Frieder Otto Wolf (* 1. Februar 1943 in Kiel) ist ein deutscher Philosoph, Politikwissenschaftler, Politiker und Humanist. Er arbeitet seit 2007 als Honorarprofessor für Philosophie an der Freien Universität Berlin.

Leben und Werdegang[Bearbeiten | Quelltext bearbeiten]

Wolf studierte von 1962 bis 1966 Philosophie und Politikwissenschaft in Kiel, Paris sowie Edinburgh. Anschließend arbeitete er als wissenschaftlicher Assistent am Institut für Philosophie der Universität des Saarlandes. 1967 erfolgte seine Promotion an der Universität Kiel mit der Dissertation Die neue Wissenschaft von Thomas Hobbes. Die Arbeit wurde 1969 als Buch veröffentlicht. Wolf habilitierte sich 1973 in Philosophie. Als Assistenzprofessor war er an der Freien Universität Berlin zwischen 1971 und 1979 tätig. Seit 1973 lehrt Wolf Philosophie an der FU Berlin.
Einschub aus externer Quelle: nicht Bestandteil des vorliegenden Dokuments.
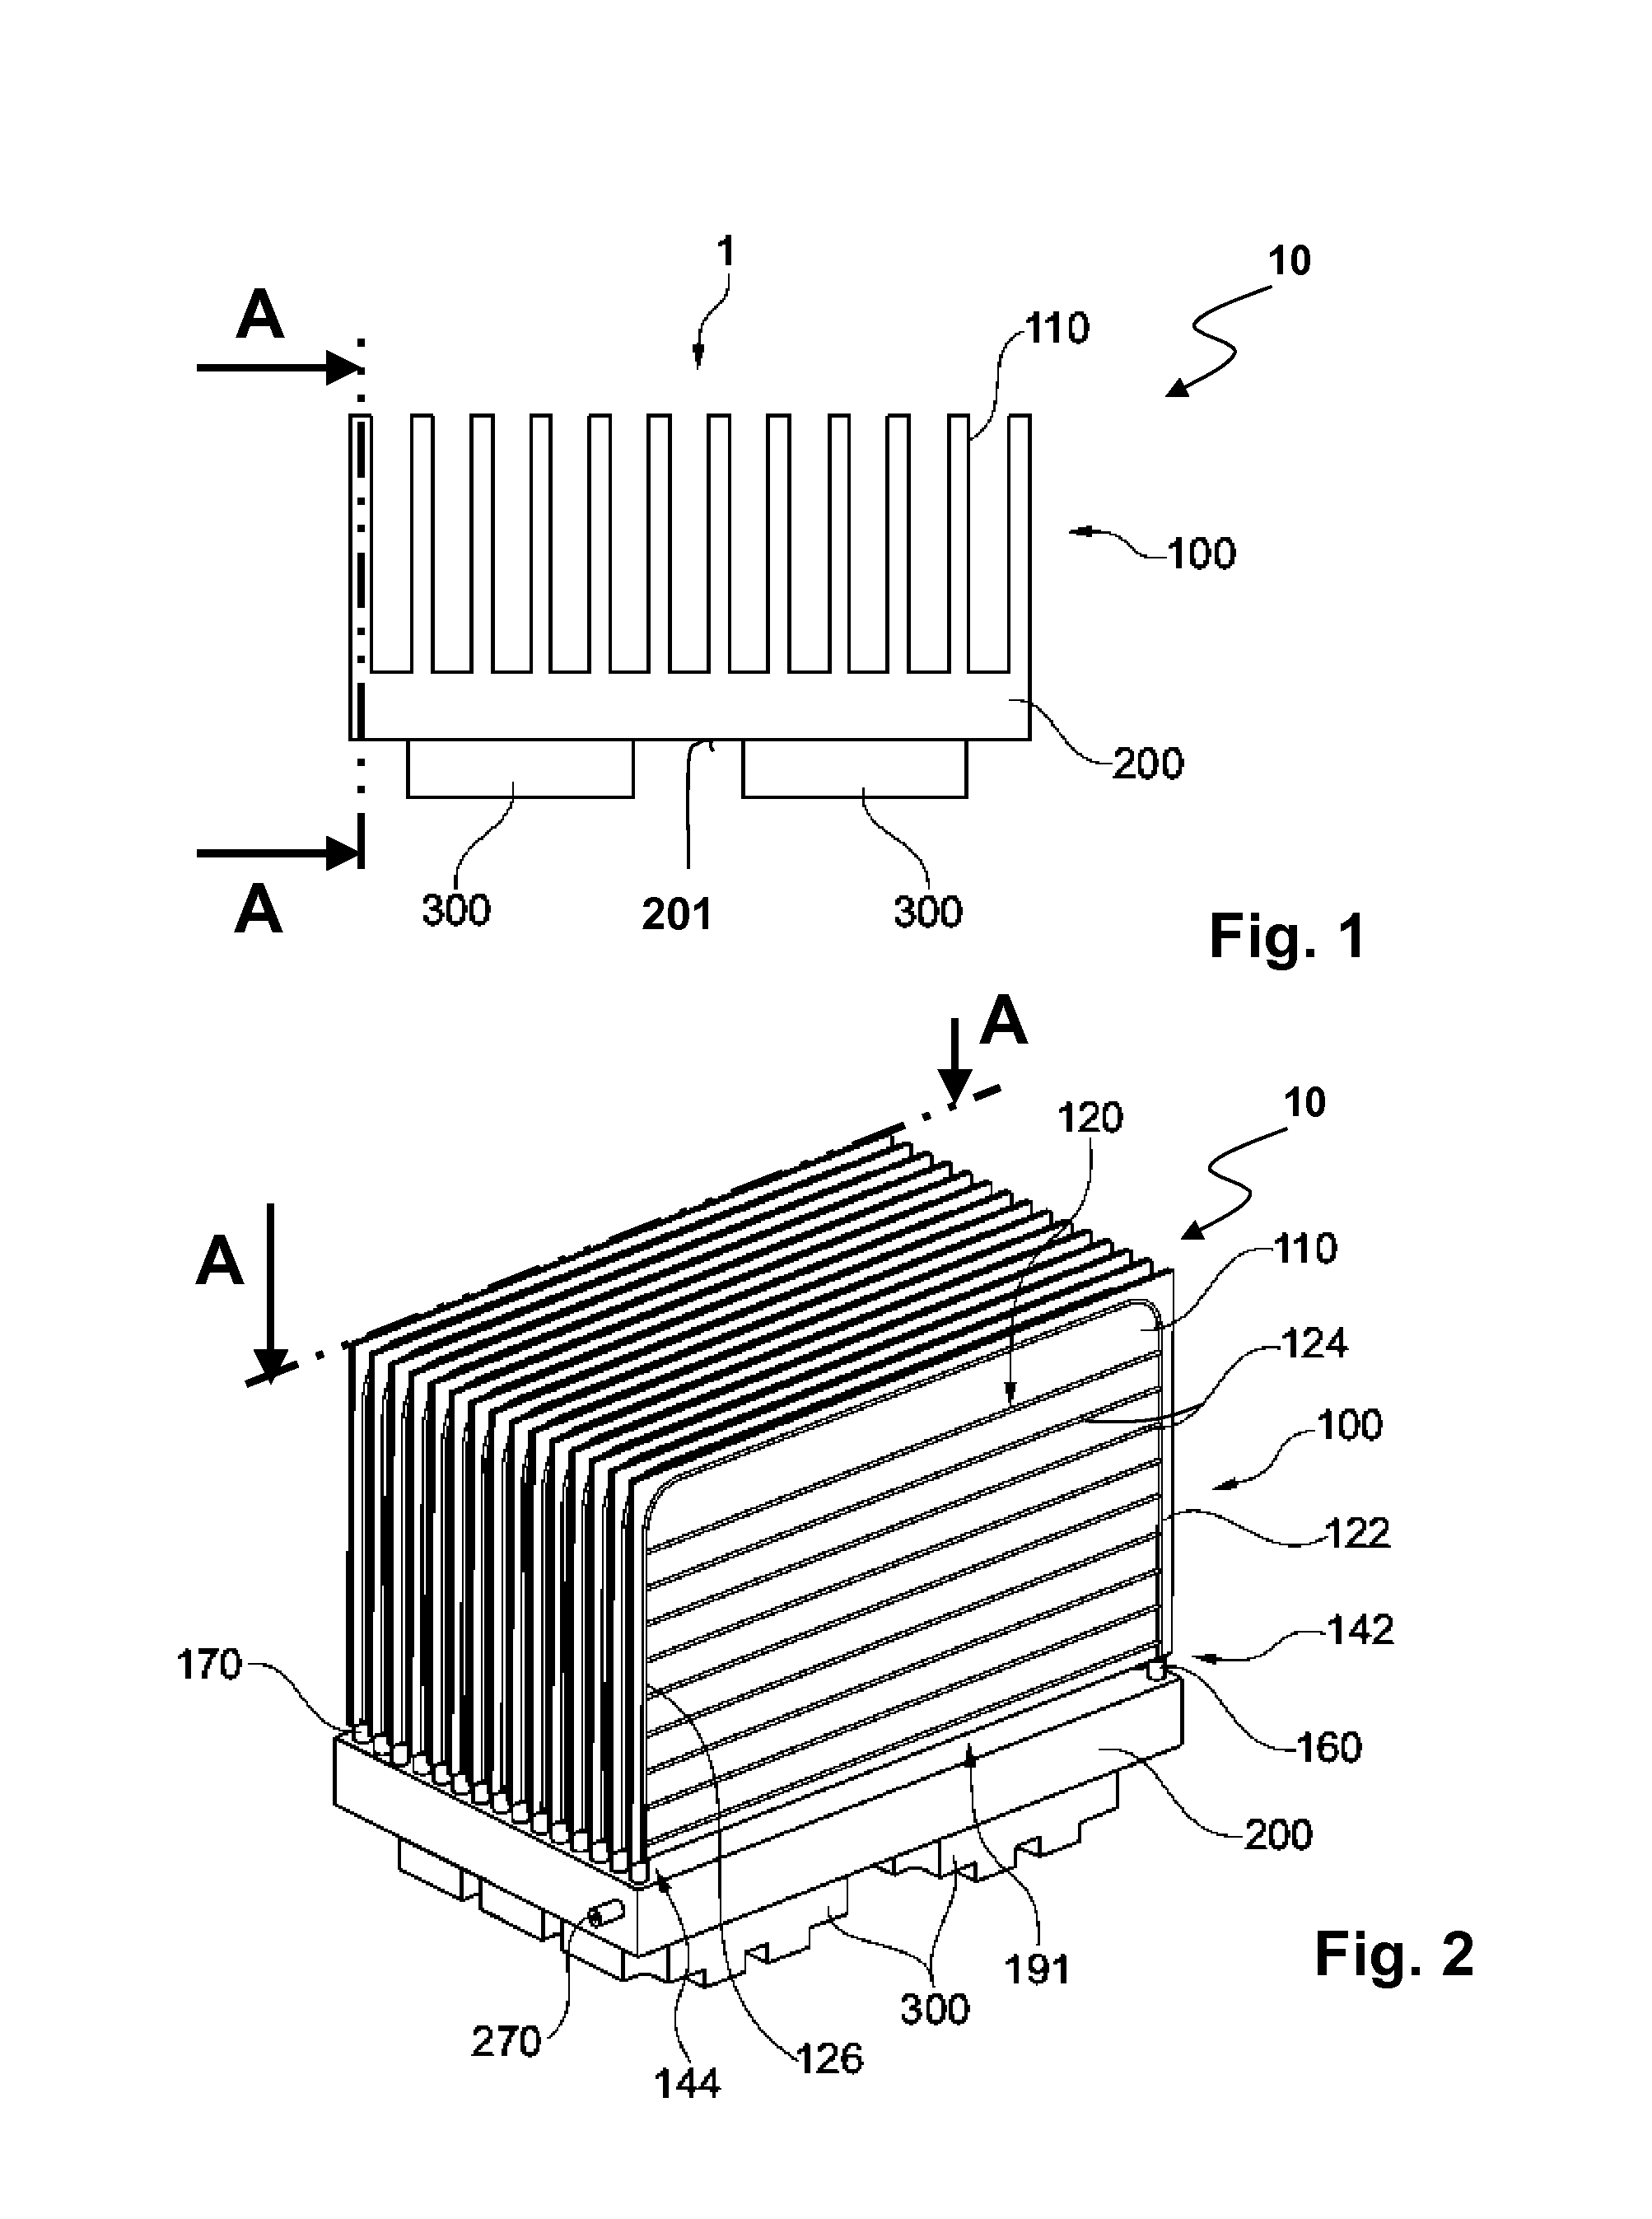 Two-phase cooling system for electronic components

Zwischen Mai 1976 und September 1977 hatte er außerdem eine außerordentliche Professur für Sozialwissenschaften am Institut für Sozialwissenschaften der Fakultät für Ökonomie der Universität Coimbra, unter der Leitung von Boaventura de Sousa Santos inne. Zwischen 1979 und 1984 folgte eine Mitarbeit in arbeitspolitischen Forschungsprojekten am Wissenschaftszentrum Berlin, damals zusammen mit Frieder Naschold.

Von Januar 2010 bis September 2011 war er als Forschungsmitarbeiter für Humanistik am Ausbildungsinstitut des Humanistischen Verbandes tätig.

Von 1984 bis 1989 sowie von 1994 bis 1999 war er Mitglied des Vorstands der Fraktion Bündnis 90/Die Grünen im Europäischen Parlament. Parteimitglied ist er seit 1982, zuvor war er von 1961 bis 1971 Mitglied der SPD. Er ist Vater zweier Töchter und lebt in Berlin.

Gesellschaftliches Engagement[Bearbeiten | Quelltext bearbeiten]

Wolf ist Präsident des Humanistischen Verbandes Deutschlands (HVD)[1] und Präsident der Humanistischen Akademie Deutschlands.[2] Im HVD war er seit 1998 in verschiedenen Funktionen tätig, bis 2012 war er Vorsitzender des Koordinierungsrates säkularer Organisationen.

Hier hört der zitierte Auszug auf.